## INPUT DATA
■ ■ ■ ■ ■ ■ ■

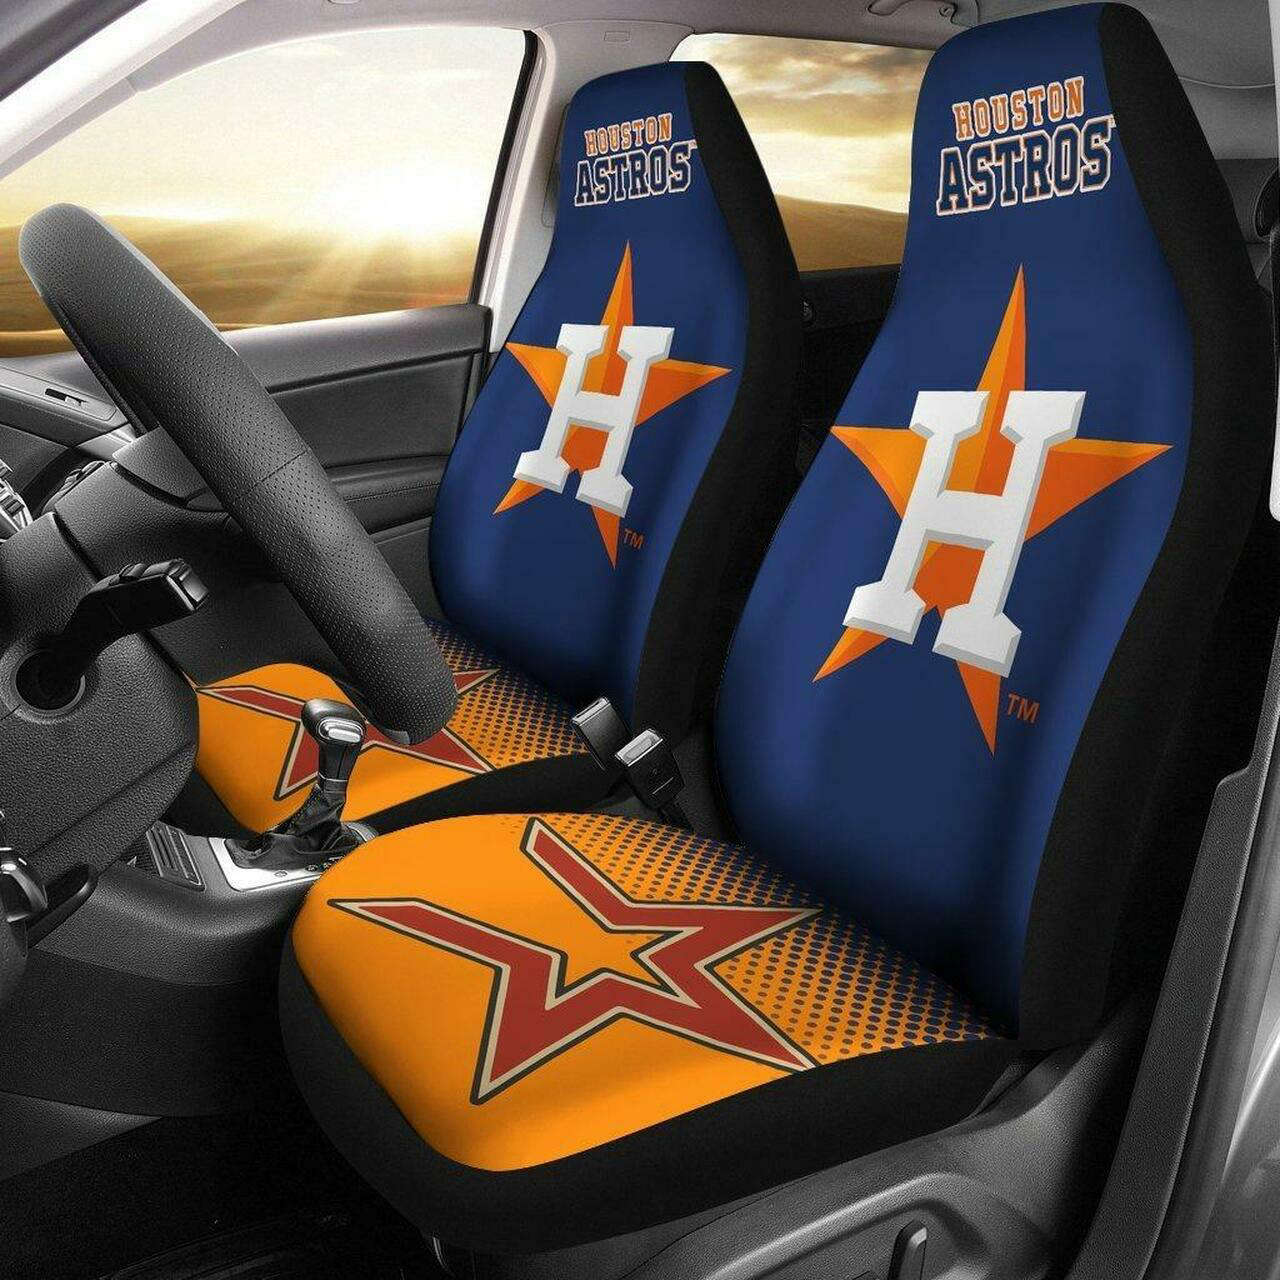 MLB Houston Astros Car Seat Covers – Stylish Fan Gifts for On-the-Go Team Essence
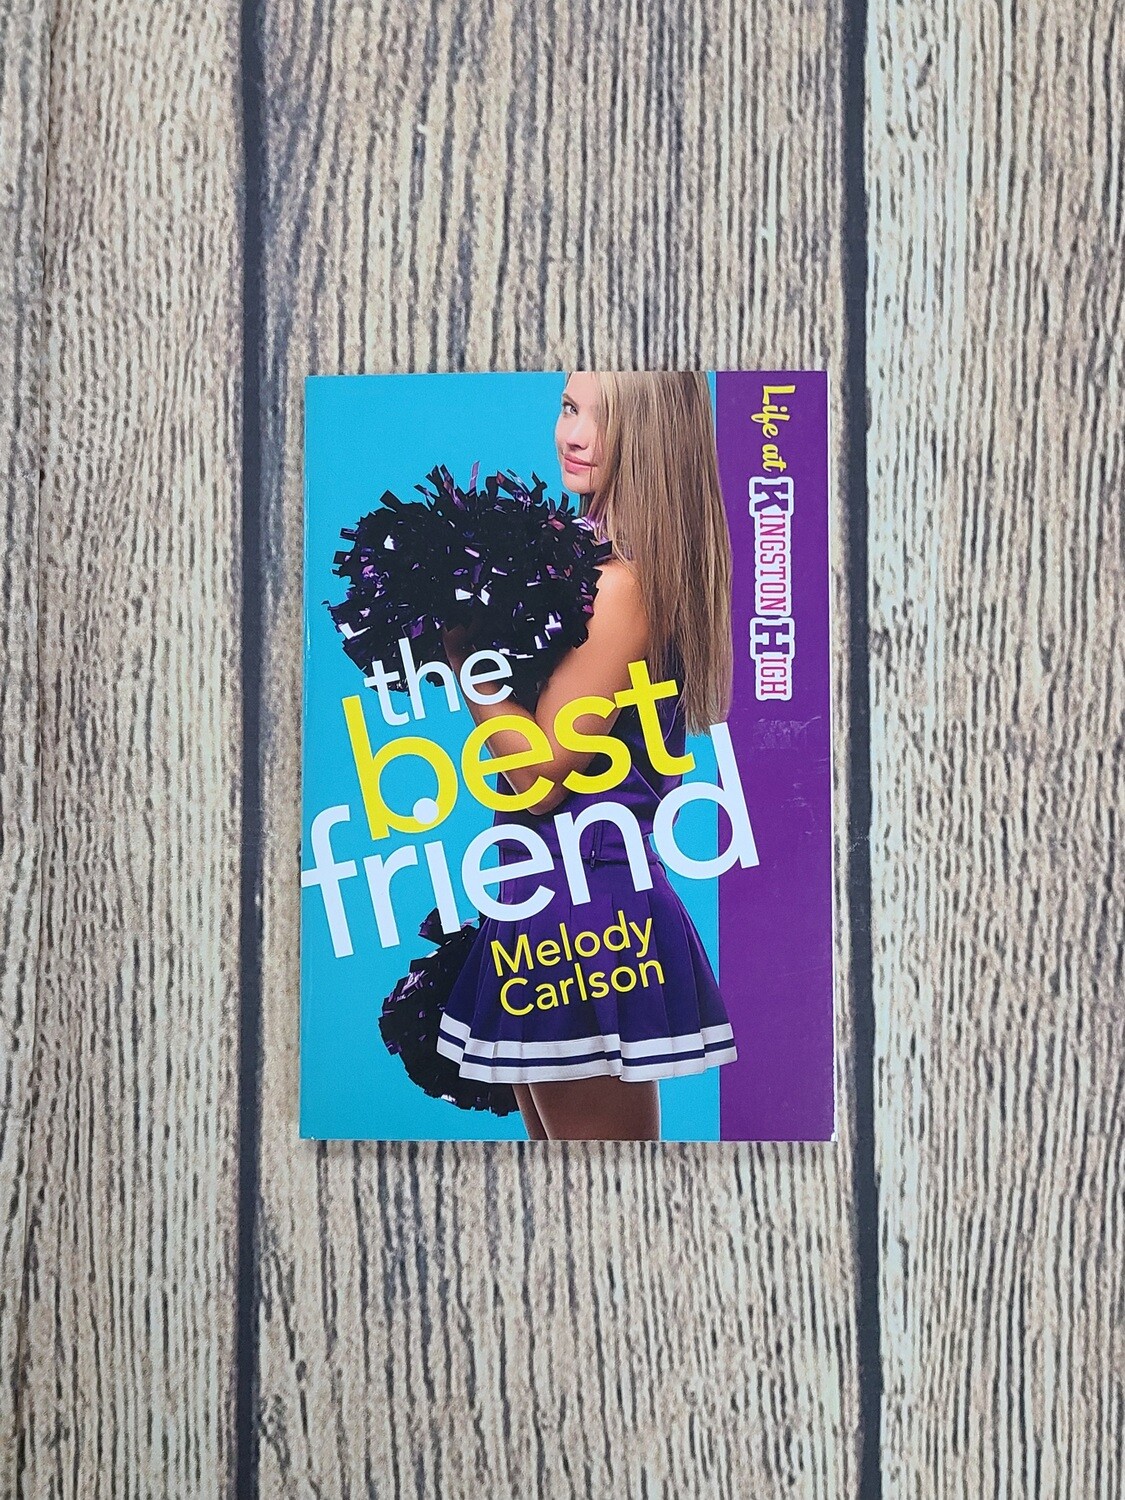 The Best Friend by Melody Carlson
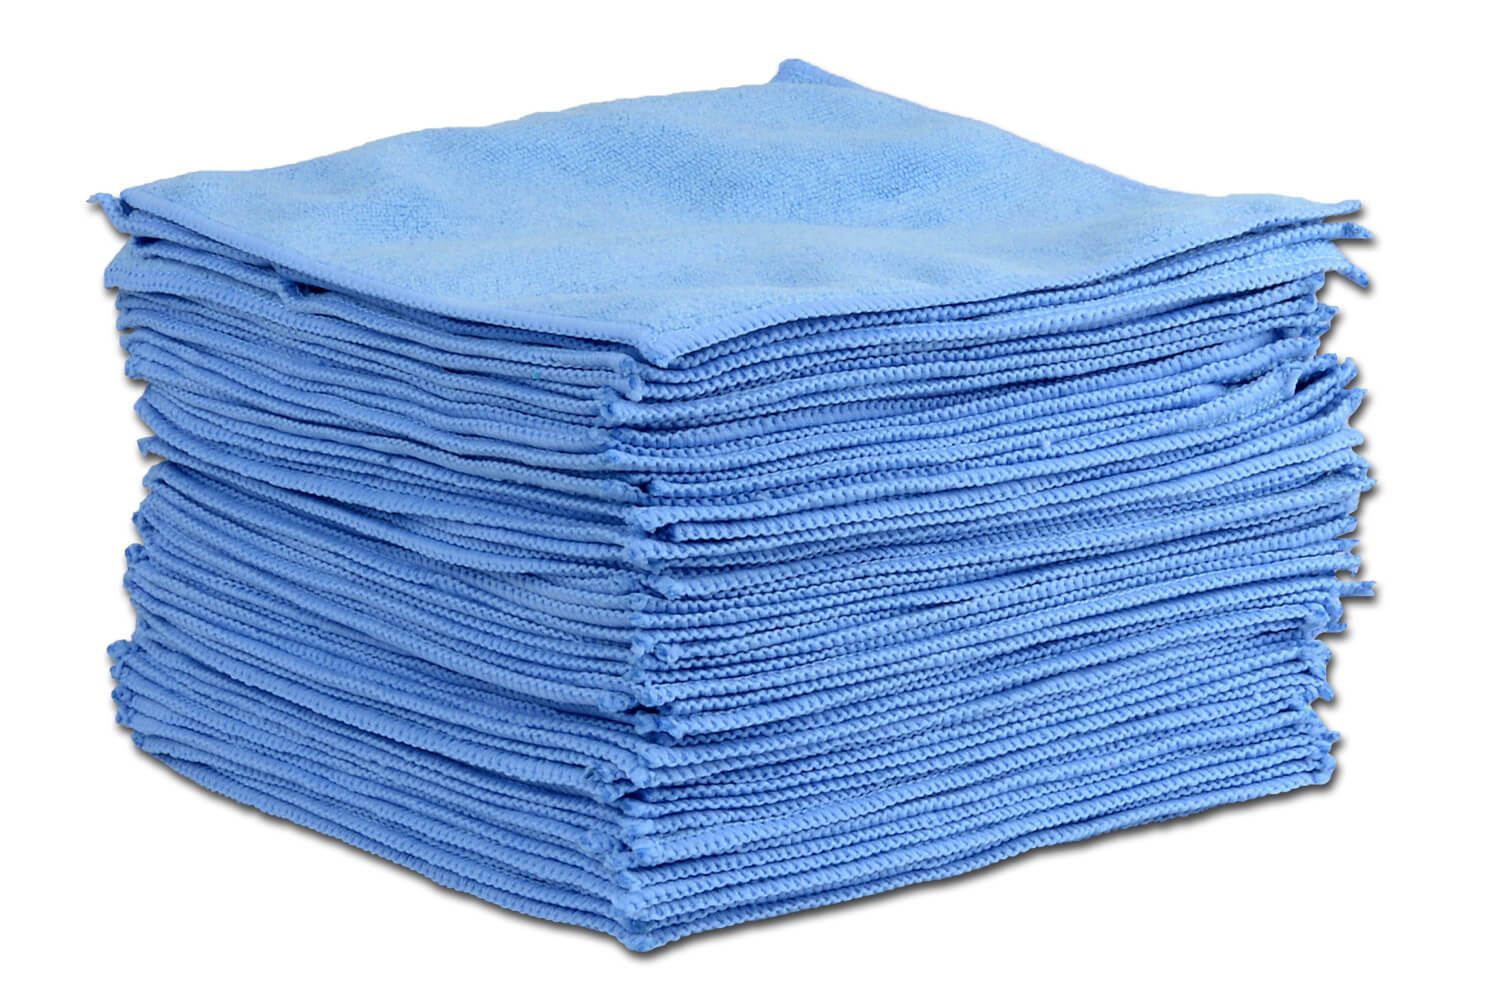 All Rags - Affordable Wiping Rags, Wholesale Bulk Rags

■ ■ ■ ■ ■ ■ ■

## WORK ITEM
Beginning with the line that contains "The Best Friend by Melody Carlson" and ending with the last line of the data, transcribe each line exactly; pictures stay out.

## PROBLEM SOLUTION
 The Best Friend by Melody Carlson
 All Rags - Affordable Wiping Rags, Wholesale Bulk Rags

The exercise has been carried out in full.